They married on August 25, 1962 in Elaine’s hometown of Newark, a small Erie Canal town in upstate New York. Bob had completed a degree in conservation, a forerunner of Environmental Sciences at Cornell University. Elaine had a B.S. in teaching from Oswego State Teachers College. They left family and friends immediately after the wedding and drove straight to Lafayette, Indiana where Bob was to start a Master’s program. This began a marriage-long habit of travel which took them from: Indiana to Corvallis, Oregon; East Aurora, New York; to Syracuse, New York; and then New Delhi, India for two years where Bob participated in a USAID training program for Indian Federal and State officials in soil and water management. Following India, they moved to Denver, Colorado, then Washington, D.C., and finally to Portland, Oregon where Bob eventually retired from a 29 year Career with the USDA Natural Resource Conservation Service. During these years of travel, Elaine kept up her career in teaching, finding positions at each of these locations, and ended up as an ad hoc faculty member at Lewis and Clark University in Portland, OR.
Invited to visit Sequim in 1989 by a retired colleague, they jumped on the opportunity to buy into a small rural town that had mountains, sunshine, farmland, nearness to salt water, clams, crabs and fishing. Retiring themselves and moving in 1994, they spent their first years in Sequim building a home on 5 acres of hard scrabble pasture, the produce of which they shared with their neighbor’s beef cow enterprise. Following the adage of: “If you build it, they will come!” their family has poured in annually, mostly in the summer, where at one time, they had nearly 40 people staying over occupying the house, the barns and tents scattered around.
Recognizing Bob’s agricultural program experience, County Commissioner Martha Ireland (also their next door neighbor) named Bob to a county advisory committee whose task was to provide recommendations to improve the protection of our agricultural resource lands, a job mandated by Washington State government. This was all the start that Bob needed. Deciding that the county would never be able to do everything needed to protect our farmland, he teamed up with a group of environmentally committed locals and developed Friends of the Fields, a non-profit foundation devoted to facilitating the protection of farmland primarily through purchase of development rights. Needing additional funding to effectively carry out its mission, FOF later sponsored a ballot measure, the Buyer’s Excise Tax that would impose a small (1/2 of 1%) tax on Real Estate purchases in the county with the proceeds to be used for voluntary purchases of the rights to develop certain appropriate farmlands. Opposed by local realtors and the state association of realtors, the measure was defeated across the county except in Sequim. FOF and its mission voluntarily joined the North Olympic Land Trust where the effort to protect farmlands continues successfully to date.

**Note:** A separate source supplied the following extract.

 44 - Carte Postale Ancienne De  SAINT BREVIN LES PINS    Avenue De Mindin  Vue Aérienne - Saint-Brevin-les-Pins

Meanwhile, Elaine was occupying her time becoming involved with the local community theater group, Olympic Theater Arts. First painting sets, then acting in occasional productions and finally rising to become President of the Board, Elaine took on the daunting task of finding OTA a new home. The Howard Wood Theater was small, unsafe, hot in the summer and cold in the winter and very limiting in the productions that could be presented. Elaine led a search for acceptable new quarters and found them in the old Methodist Church at 714 Sequim Avenue. She led the successful $1.6 million funding drive for the purchase and the rebuilding effort. She used an interest-free $100,000 loan from her deceased Brother Norman’s estate to fund some of the early demolition work and later gave the entire $100,000 to the Theatre as a donation. The Caldwell’s contributions to management, financial and hands-on construction assistance were deemed so valuable that in 2010, the completed 162 seat theater was named the Elaine and Robert Caldwell Main Stage Theater. This honor was awarded at the first production in the theater, a beautifully produced sellout run of the esteemed play “Cabaret”.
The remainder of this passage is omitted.